Hey everyone.
I honestly don't even know what I'm looking for in this post, but I'm struggling to find my strength & the fire I once had in my tummy.
It's been a week now since I finally broke up with my partner of nearly 5 years. No children together but both had 3 between us from previous relationships.
Obviously I won't slate him, he wasn't all bad as I wouldn't have stayed as long as I did surely?
But my god my mental health took a battering. He never ever once complimented me, told me he loved me, anything. Barely even kissed until I made it an ultimatum this year to start and that only lasted just under a month and then stopped. I was made to feel disgusting, unloved, worthless, and invisible for years. We have had these kinds of break ups 4/5 times before, so obviously my IRL friends aren't particularly believing me that I'm done this time. And that makes it feel tough. But I know I need to remain strong and see this through. I have children to protect and I don't ever want them to think that this way of living was ok and acceptable. I'm nearly 30 and have genuinely never felt loved before. I want to be adored. Admired. I'm not a horrible person at all. I'm no angel by all means. But when I love, I give my absolute all. I've been through so much in my life that everyone thinks I'm strong. I survived cancer whilst carrying my daughter at a young age of 18. So why the hell have I lost all that strength now?
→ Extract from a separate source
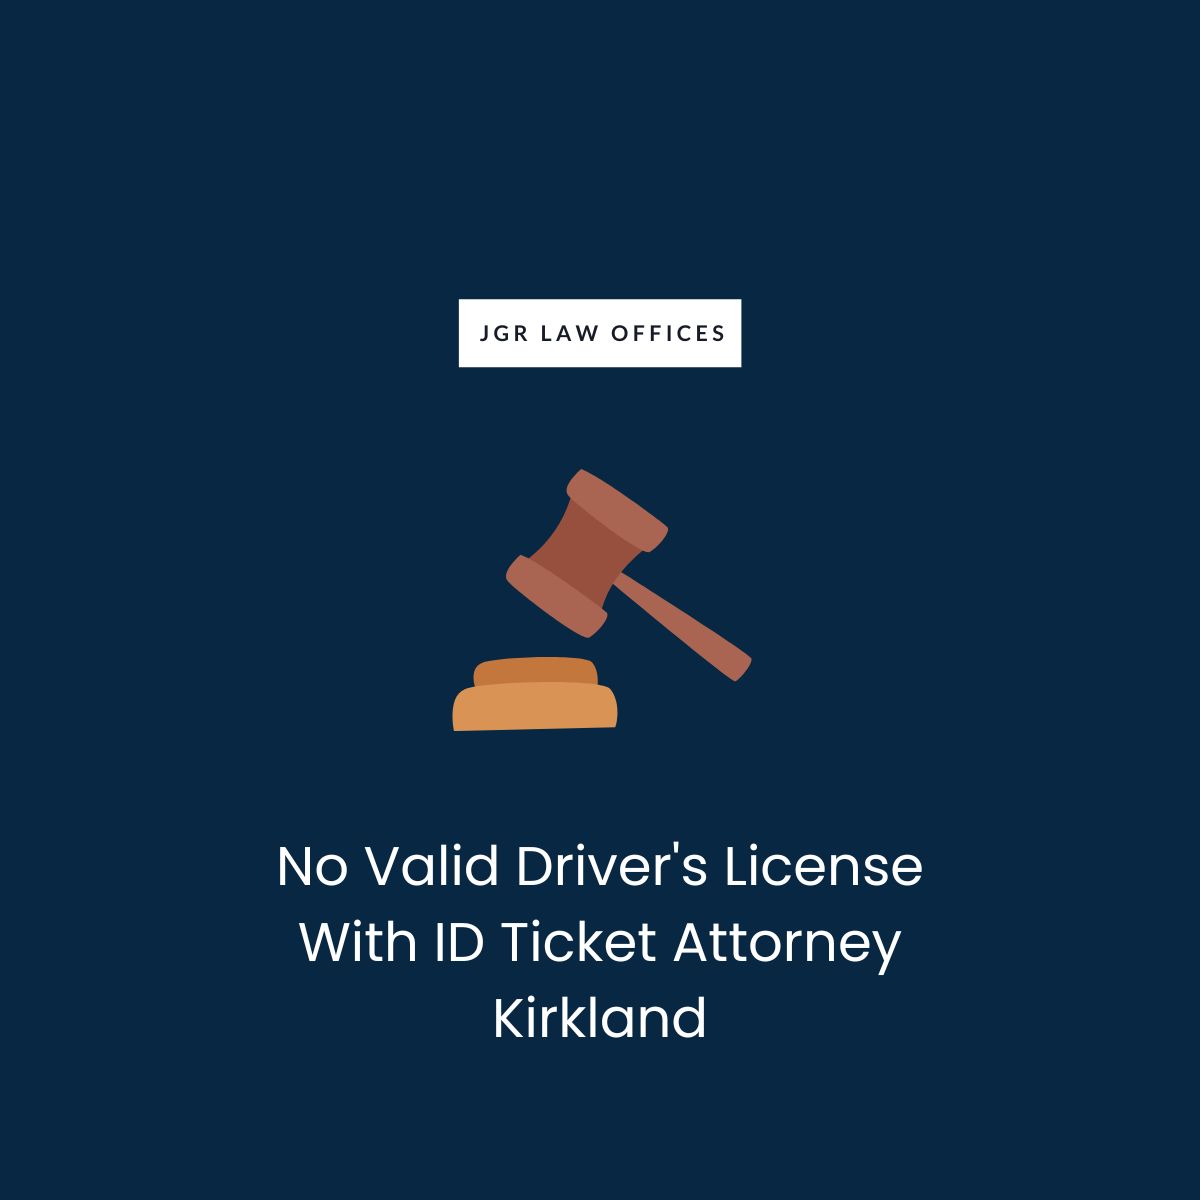 No Valid Driver's License With ID Ticket Attorney Kirkland

I did everything for this man every day that he was here. Everything. I never asked for a penny towards the rent and bills. I never stopped him doing anything, he had all of his freedom, I encouraged him to do anything that he wanted. I loved him even when I knew he would never give me his all. And we've just split and not had an ounce of contact since. But I did something I've never done before, within minutes of him leaving, I blocked on everything possible, and had all of his things packed up by the following afternoon and in the garden for him to collect. No talk, nothing. I'll admit; the only thing making me sad is the lack of fight. BUT, I also know this is what is best to break the circles from before. I have so much more to type and explain if necessary but for now I'm just so glad if you've read this up to how. I'm rambling I realise. I have amazing children, a reasonably new job that for some miracle I just landed in, and have the opportunity to progress into an exciting career which I've never had before, a lovely home and amazing friends. Why am i feeling so upset? I hate him and how he has made me feel about myself. I don't know what I'm asking for here, so I'm sorry if this seems ridiculous. I'm just so fed up.